Artificial intelligence is an umbrella term for technologies which make computer systems "intelligent", in the sense that they are able to solve problems and learn from their own experiences. Today, machine learning is one of the best known and most widely used of these technologies.
In simple terms, it is about using mathematics, statistics, rules, computer science, neurology and linguistics to collect, systematise and recognise patterns in large amounts of data. The use of rules, algorithms and patterns is becoming more efficient and advanced every day.
Machine learning is essentially about recognising patterns in large amounts of data. It could for example be language recognition which we find in different types of "chatbots" or dialog robots, which currently appear on many websites. This variant of artificial intelligence is based on the collection and systematization of large amounts of data using probability calculations and algorithms. The use of rules, algorithms and patterns is becoming more efficient and advanced every day.
As long ago as 1996, machine learning enabled the supercomputer Deep Blue to beat Russian chess grandmaster Garry Kasparov in a game of chess using basic pattern recognition.
At the time, the victory was a global sensation. Today, we encounter machine learning solutions based on pattern recognition every single day. For example, when the music service Spotify recommends new playlists for us based on our listening patterns, or when Amazon presents us with targeted offers based on previous purchases.
Deep learning – advanced, but relatively immature technology
Another technology is Deep learning, which involves the exchange of data in what are known as neural networks, networks which resemble the human brain and which are used to extract experiences from historical databases.
Deep learning attempts to mimic the neural structure of the human brain, to enable the computer to make independent decisions based on scenarios and situations which the computer has not previously encountered.
Today, autonomous vehicles are perhaps the best example of a practical application of Deep learning. Another example is the development of robots which are capable of performing complex surgery without any loss of concentration or shaky hands. A little further ahead into the future, we can expect to see household robots which are capable of working out for themselves how they should tidy away mum’s laptop or little brother’s toys.
Cegal sees huge potential in the AI market are currently exploring the use of AI in all the major branches of the company. As a global tech powerhouse, Cegal can enable our clients to leverage AI capabilities safely and ethically on their corporate data and systems, to optimize business processes, enhance customer experience, and create new revenue streams.
Cegal is currently exploring ways of improving technical support and customer user experiences for our products with AI that utilizes our own internal data.
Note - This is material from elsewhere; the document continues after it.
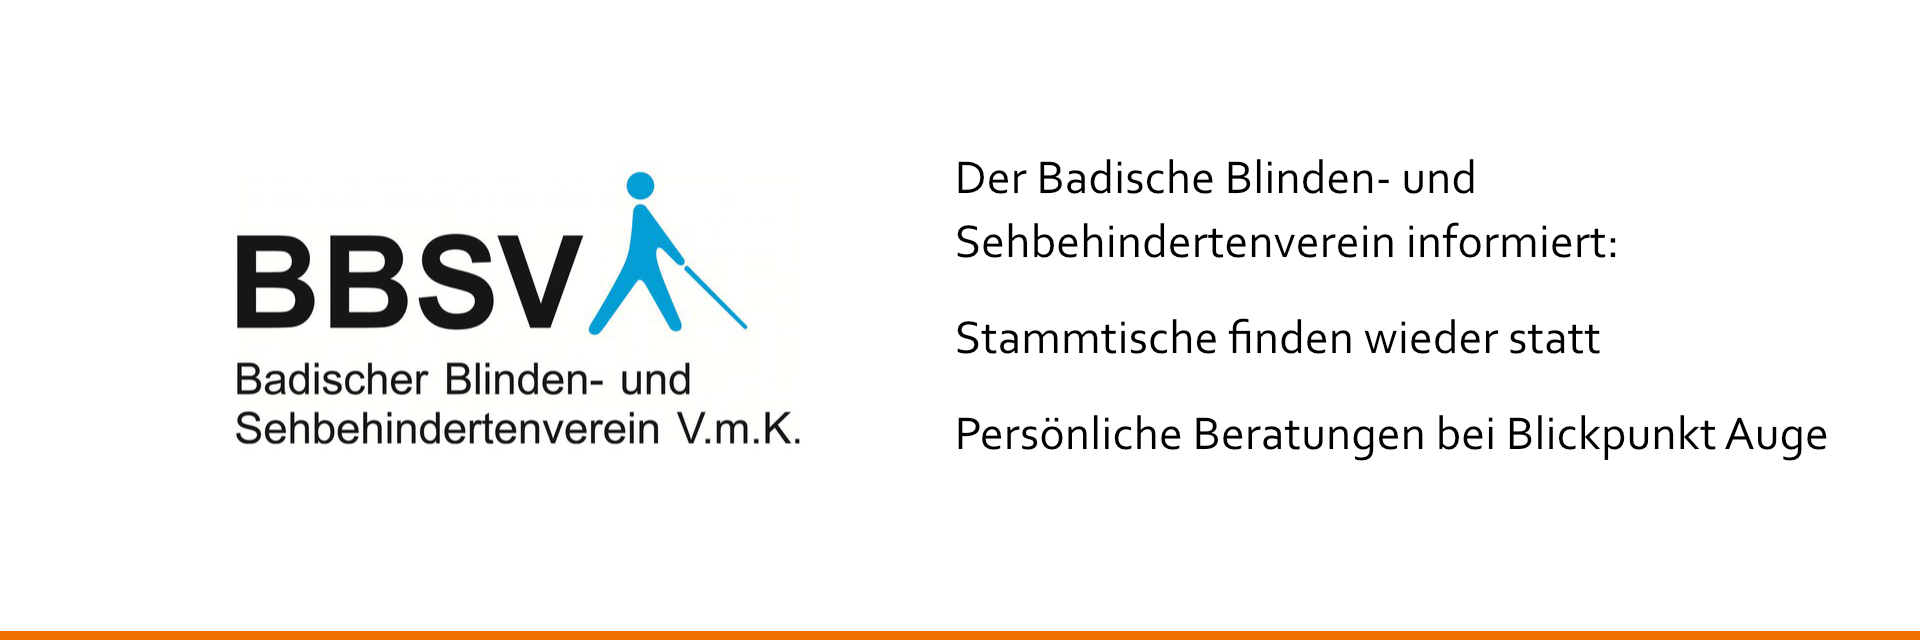 Logo Badischer Blinden- und Sehbehindertenverein. Text: Stammtische finden wieder statt. Persönliche Beratungen bei Blickpunkt Auge

We are also embracing responsible personal use of AI such as ChatGPT and CoPilot for productivity and exploring new ideas.
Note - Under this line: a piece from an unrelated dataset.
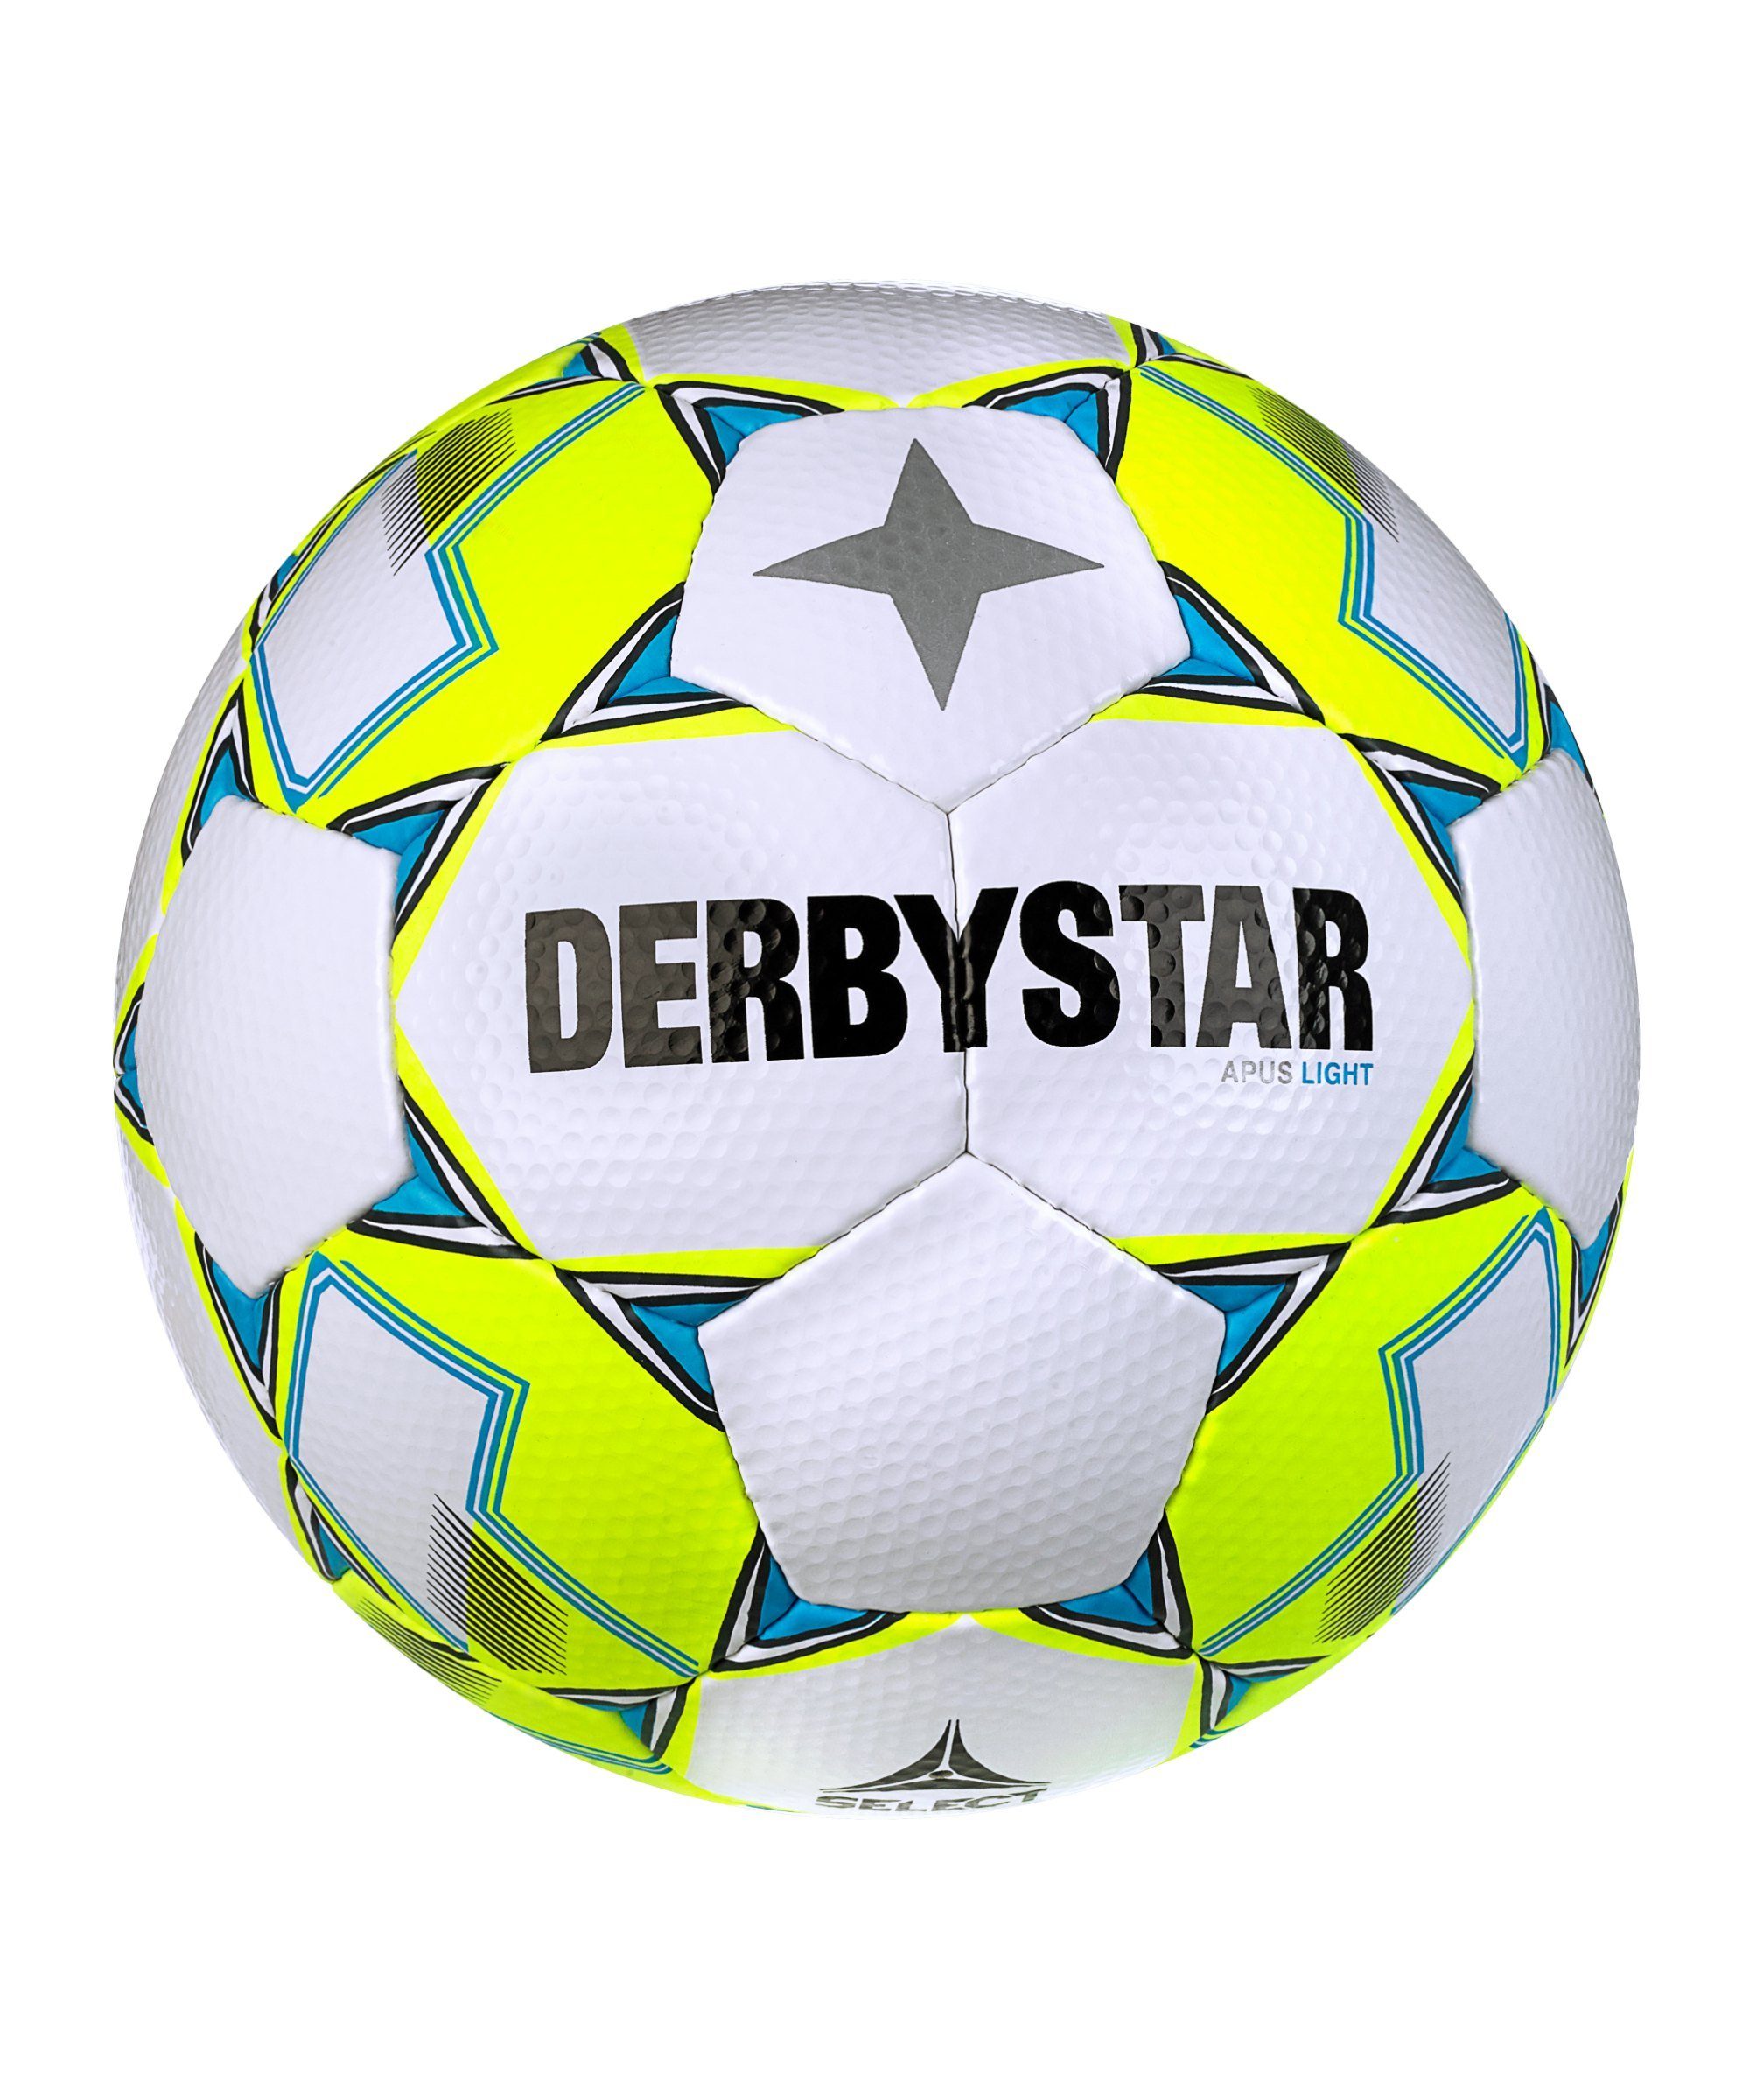 Derbystar Fußball FB-APUS LIGHT v23

Although AI is an exciting technology there are also ethical and regulatory things to consider when onboarding or implementing systems that include this technology. As a part of our ESG commitment we strive to deliver safe and responsible technological developments for our clients.
We are a UN global compact signatory and have policies that regulate safety around AI in our management system. As new legislation like the EU AI Act will become law it will be incorporated in Cegal as well.